Впереди показались металлические ворота. Я снова попытался взять отца за руку, но он не вынул ее из кармана.

В молчании мы подошли к КПП, остановились. Часовые открыли ворота. Я собрался прощаться с отцом, но он развернул меня за плечи к воротам и подтолкнул. Ошеломленный, с тяжелой сумкой, я покорно побрел в раскрытую пасть ворот.

Сделав несколько неуверенных шагов, я обернулся. Отец уже шел обратно на станцию. Я помахал ему вслед, надеясь, что он все-таки обернется, проводит меня взглядом хотя бы издалека. Но он даже не замедлил шаг, так и шел, не оборачиваясь, пока не исчез из виду. Словно железное кольцо сомкнулось на моей шее.

Я сморгнул слезу. Так начался мой первый день в Академии.

– Что с вами, мистер Сифорт? – тревожно теребил меня за рукав сенатор Боланд. – Почему вы побледнели?

Я очнулся от воспоминаний, стряхнул с рукава его руку.

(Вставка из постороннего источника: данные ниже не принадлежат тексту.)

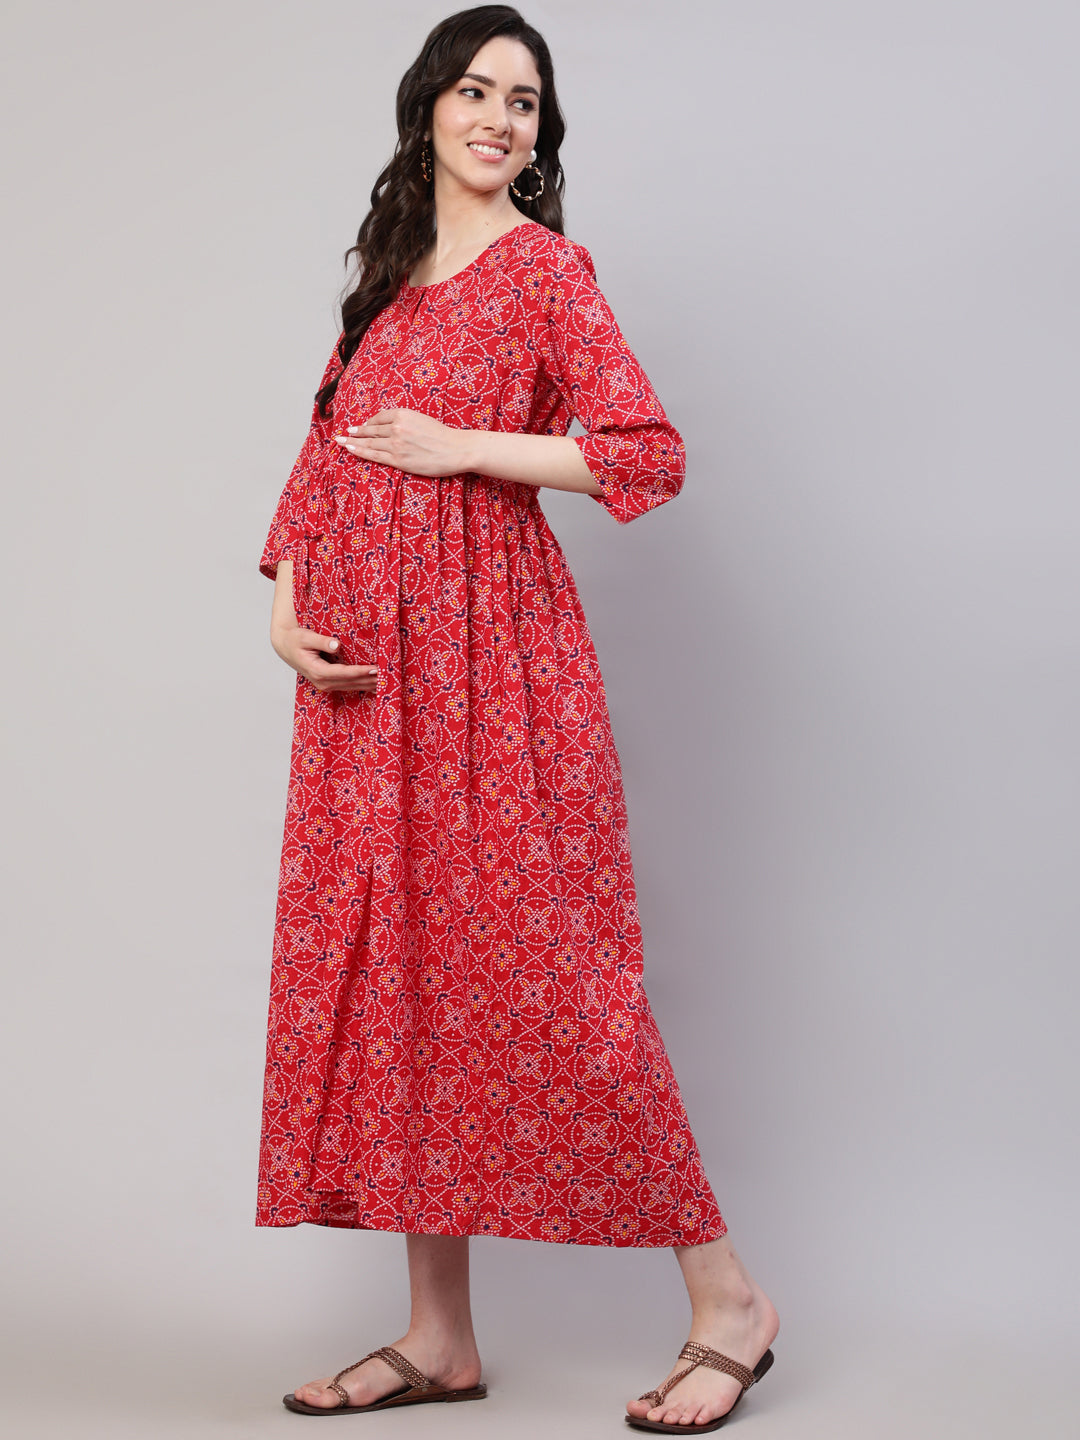 Negen Women' Maternity Dress for Feeding with Zippers Pregnancy Dress  Breastfeed | eBay

– Ничего. Спасибо, все хорошо. – Я подозвал его сына. – Роберт, на территории Академии я не буду с тобой разговаривать или еще каким-либо образом выделять тебя из общей массы. Ко всем кадетам должно быть одинаковое отношение. Понял? И помни, что отец тебя любит, иначе его здесь сейчас не было бы. – Я кивнул сенатору и быстрым шагом вошел в ворота.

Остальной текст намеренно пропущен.